Once you find the line with "Alternate Image 1" in the data that follows, repeat it and every line after it exactly, through the line with "Maldonado 1010 House/Cottage".

THE DATA |
---
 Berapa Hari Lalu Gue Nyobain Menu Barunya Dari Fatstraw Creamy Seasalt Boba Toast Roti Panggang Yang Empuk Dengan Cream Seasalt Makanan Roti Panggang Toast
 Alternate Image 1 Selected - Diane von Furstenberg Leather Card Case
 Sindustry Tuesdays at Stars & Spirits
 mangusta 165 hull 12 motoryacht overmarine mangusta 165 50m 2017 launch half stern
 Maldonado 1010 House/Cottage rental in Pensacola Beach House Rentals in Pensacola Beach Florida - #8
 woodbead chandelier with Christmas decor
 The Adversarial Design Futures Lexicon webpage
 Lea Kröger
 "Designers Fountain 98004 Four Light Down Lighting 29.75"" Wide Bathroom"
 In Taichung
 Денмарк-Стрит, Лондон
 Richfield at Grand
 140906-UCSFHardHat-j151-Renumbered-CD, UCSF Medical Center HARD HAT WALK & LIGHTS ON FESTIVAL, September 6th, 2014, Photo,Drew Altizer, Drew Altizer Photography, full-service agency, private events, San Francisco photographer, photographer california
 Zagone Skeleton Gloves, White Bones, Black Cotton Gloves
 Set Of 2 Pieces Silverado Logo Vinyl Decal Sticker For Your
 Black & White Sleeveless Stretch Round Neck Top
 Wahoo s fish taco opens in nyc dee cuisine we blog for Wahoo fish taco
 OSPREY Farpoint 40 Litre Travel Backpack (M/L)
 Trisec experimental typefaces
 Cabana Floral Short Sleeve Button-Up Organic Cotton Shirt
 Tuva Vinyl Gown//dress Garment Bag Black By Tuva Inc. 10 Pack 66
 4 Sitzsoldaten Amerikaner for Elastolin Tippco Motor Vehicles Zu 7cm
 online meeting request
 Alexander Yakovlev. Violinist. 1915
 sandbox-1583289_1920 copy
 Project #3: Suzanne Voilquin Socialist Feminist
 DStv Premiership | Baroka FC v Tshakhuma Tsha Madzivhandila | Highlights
---
ANSWER SECTION |
 Alternate Image 1 Selected - Diane von Furstenberg Leather Card Case
 Sindustry Tuesdays at Stars & Spirits
 mangusta 165 hull 12 motoryacht overmarine mangusta 165 50m 2017 launch half stern
 Maldonado 1010 House/Cottage rental in Pensacola Beach House Rentals in Pensacola Beach Florida - #8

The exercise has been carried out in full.